The Rice Museum is excited to announce this incredible 400 lb topaz specimen will be on on loan from local collector Gene Meieran through September 2022.
About the specimen: Over 60 years ago, when Gene Meiran was a graduate student at MIT, several large single crystals of topaz were purchased from a mine in Brazil by Alan Caplan, a well-known Brazil specimen collector of the time. These were on display in a Los Angeles gallery and were among nine large topaz crystals purchased by ManLabs, a metallurgical laboratory in Cambridge, MA. All nine crystals were slated to be cut into diffracting crystals and used as x-ray monochromators for x-ray fluorescence analysis machines, some of which were destined for Surveyor lunar moon rock analysis. When Gene saw the large single-crystal specimens, he recognized their exceptional size and quality. He believed that they were too important to be cut into pieces, believing they should be preserved in a museum for everyone to see, enjoy, and perhaps learn a little about the natural world around us.

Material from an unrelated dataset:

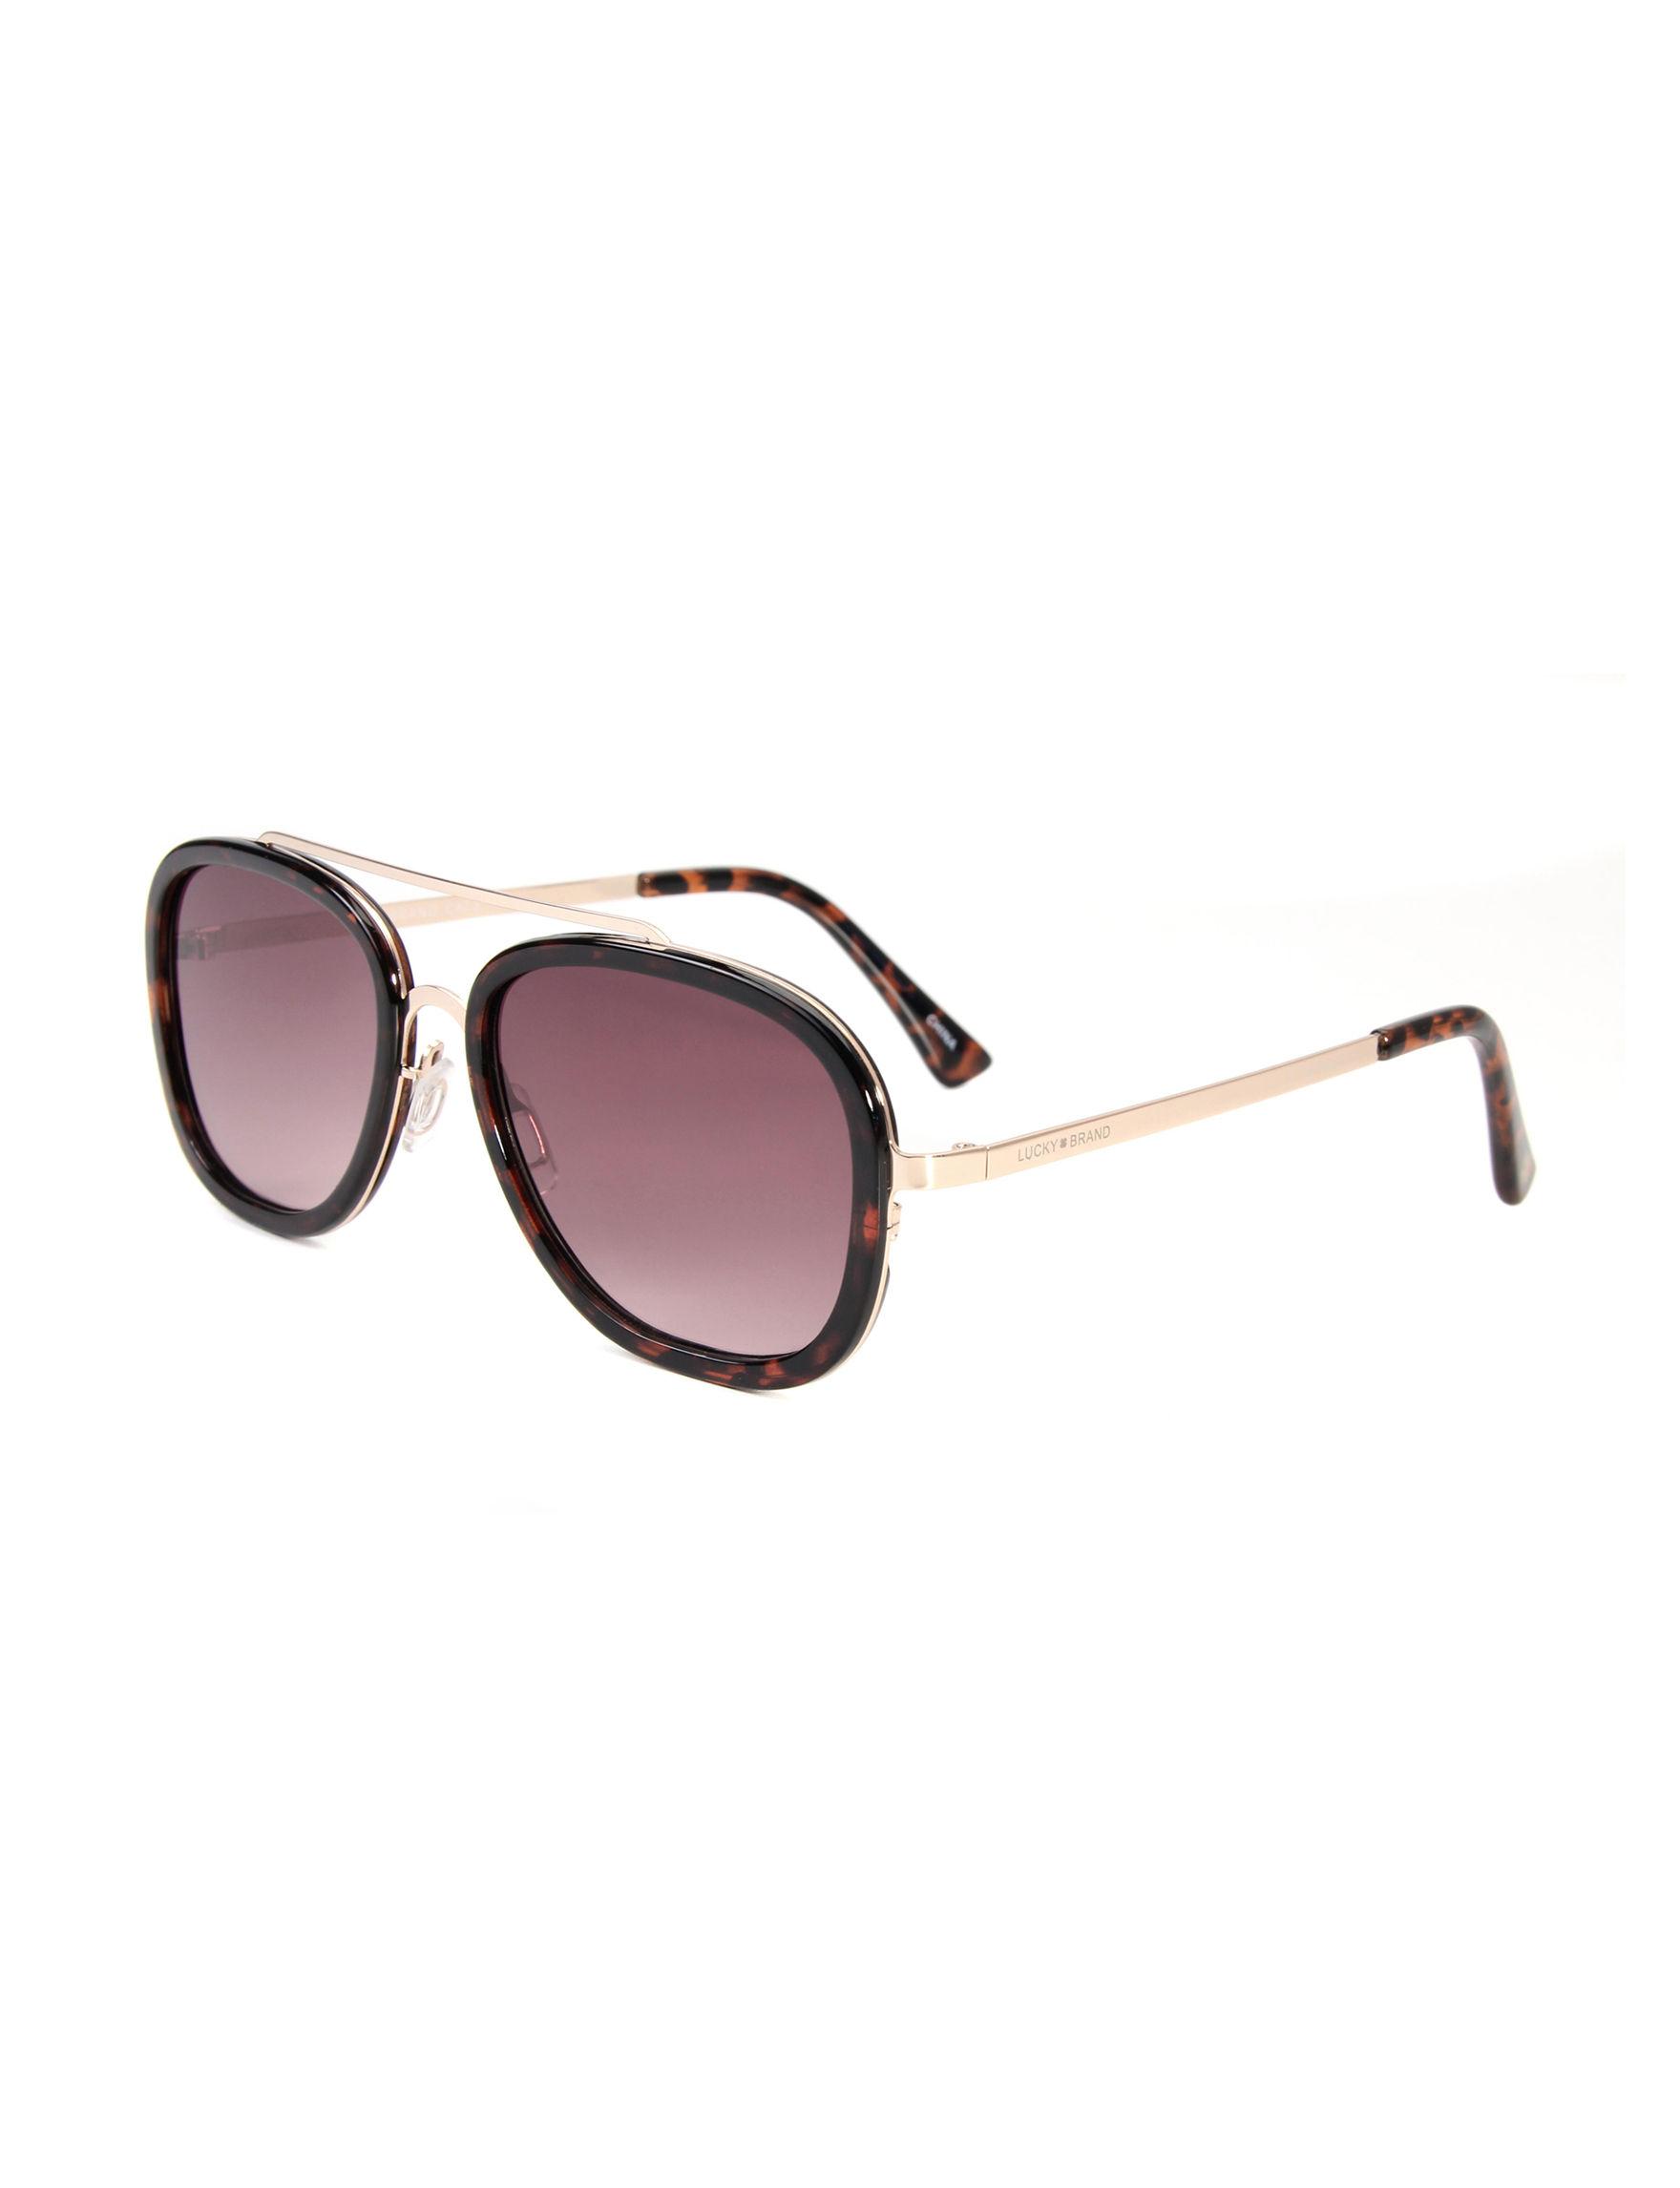 89e74ed1f470c Lucky Brand Faux Tortoise Shell Navigator Aviator Sunglasses

So he persuaded the President of ManLabs to preserve the few that remained uncut. Two were loaned to the Smithsonian, where they remained on display next to the Hope Diamond for years before eventually being donated. And a third uncut crystal was donated to the Harvard Mineral Museum.
Fifty years after they were originally put on display, a similar large topaz found in Brazil was offered to Gene, and, still inspired by the memory of the three crystals he saved, he decided to purchase this one for his collection. It was an easy decision, although it is about 400 lbs.